I have a set of sorted line items. They are sorted first by ID
then by Date
:
| ID | DESCRIPTION | Date |
| --- | ----------- |----------|
| 100 | Red |2019-01-01|
| 101 | White |2019-01-01|
| 101 | White_v2 |2019-02-01|
| 102 | Red_Trim |2019-01-15|
| 102 | White |2019-01-16|
| 102 | Blue |2019-01-20|
| 103 | Red_v3 |2019-01-14|
| 103 | Red_v3 |2019-03-14|
I need to insert rows in a SQL Server table, which represents a project header, so that the first row for each ID provides the Description
and Date
in the destination table. There should only be one row in the destination table for each ID.
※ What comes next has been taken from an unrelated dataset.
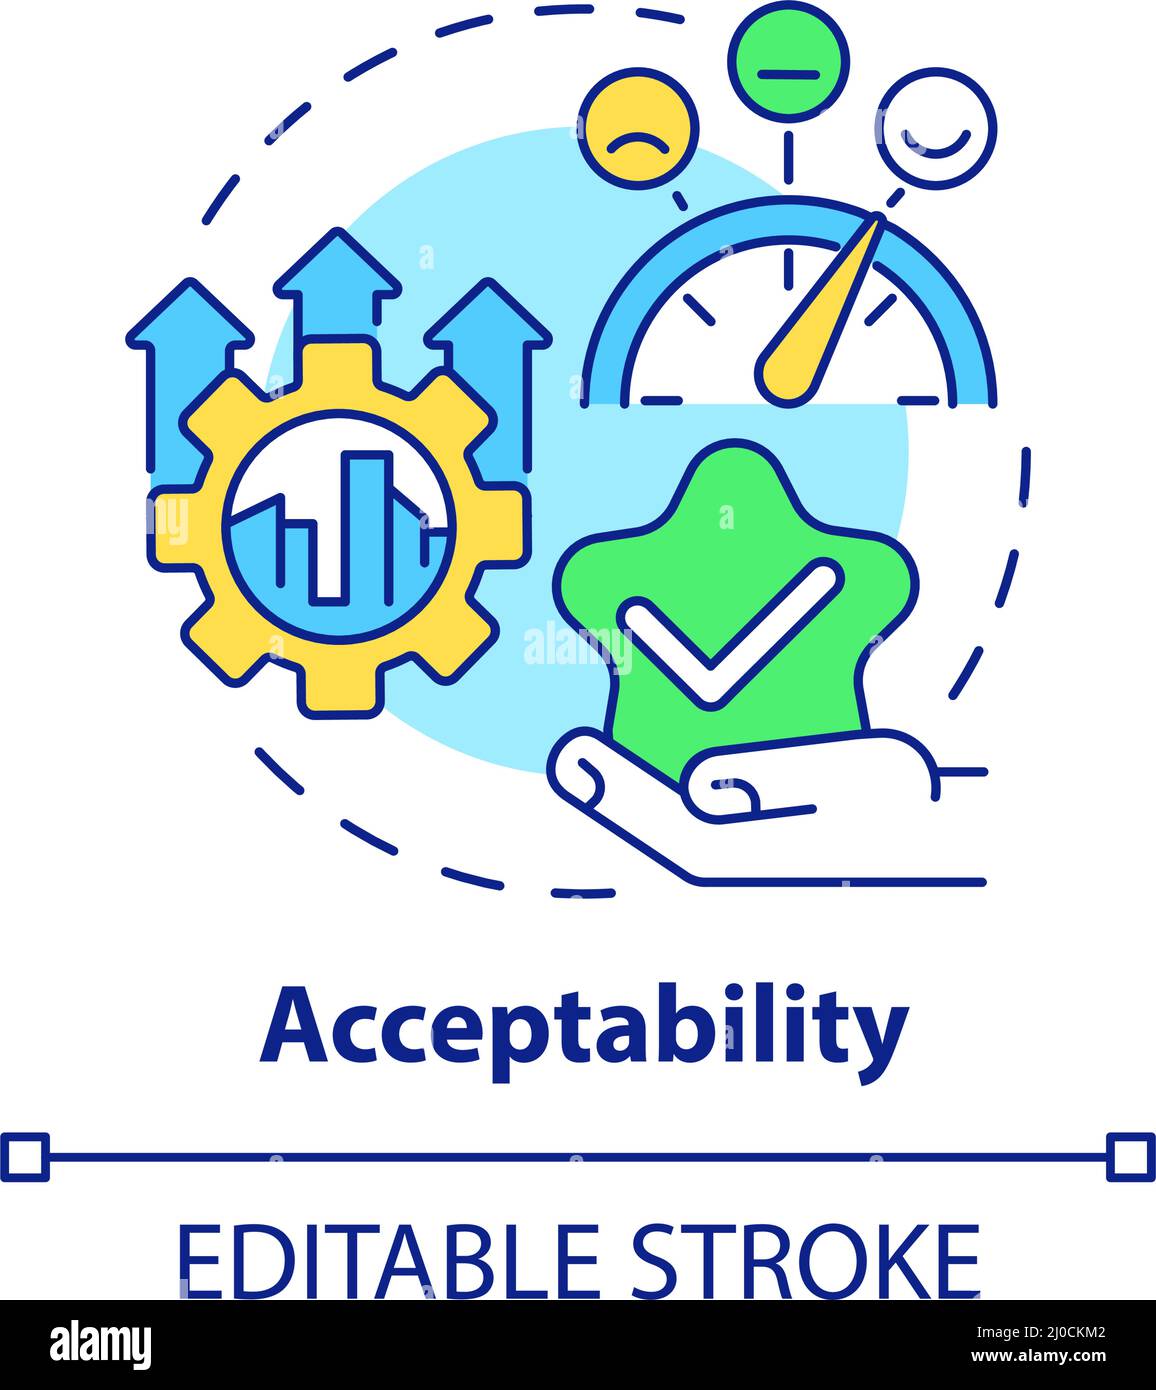 Acceptability concept icon Stock Vector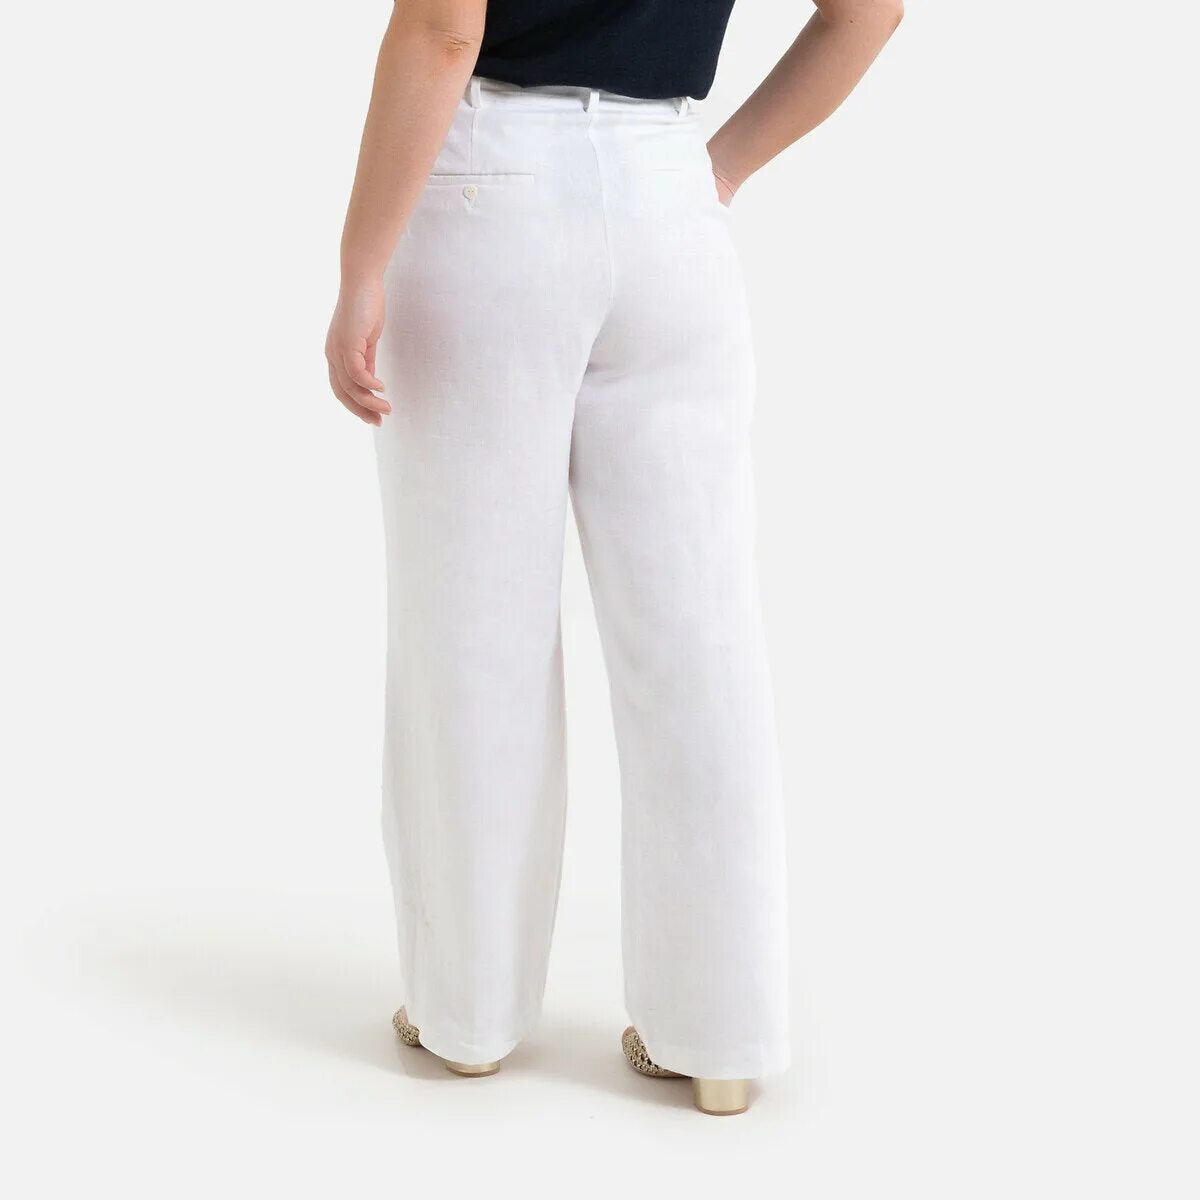 Брюки лен большие размеры. Льняные брюки b2922002 Baon. Белые льняные брюки. Белые льняные брюки женские. Брюки из льна.

For example, the source table above would result in this at the destination:
| ID | DESCRIPTION | Date |
| --- | ----------- |----------|
| 100 | Red |2019-01-01|
| 101 | White |2019-01-01|
| 102 | Red_Trim |2019-01-15|
| 103 | Red_v3 |2019-01-14|
How do I collapse the source so that I take only the first row for each ID
from source?
I prefer to do this with a transformation in SSIS but can use SQL if necessary. Actually, solutions for both methods would be most helpful.
This question is distinct from Trouble using ROW_NUMBER() OVER (PARTITION BY …) in that this seeks to identify an approach. The asker of that question has adopted one approach, of more than one available as identified by answers here. That question is about how to make that particular approach work.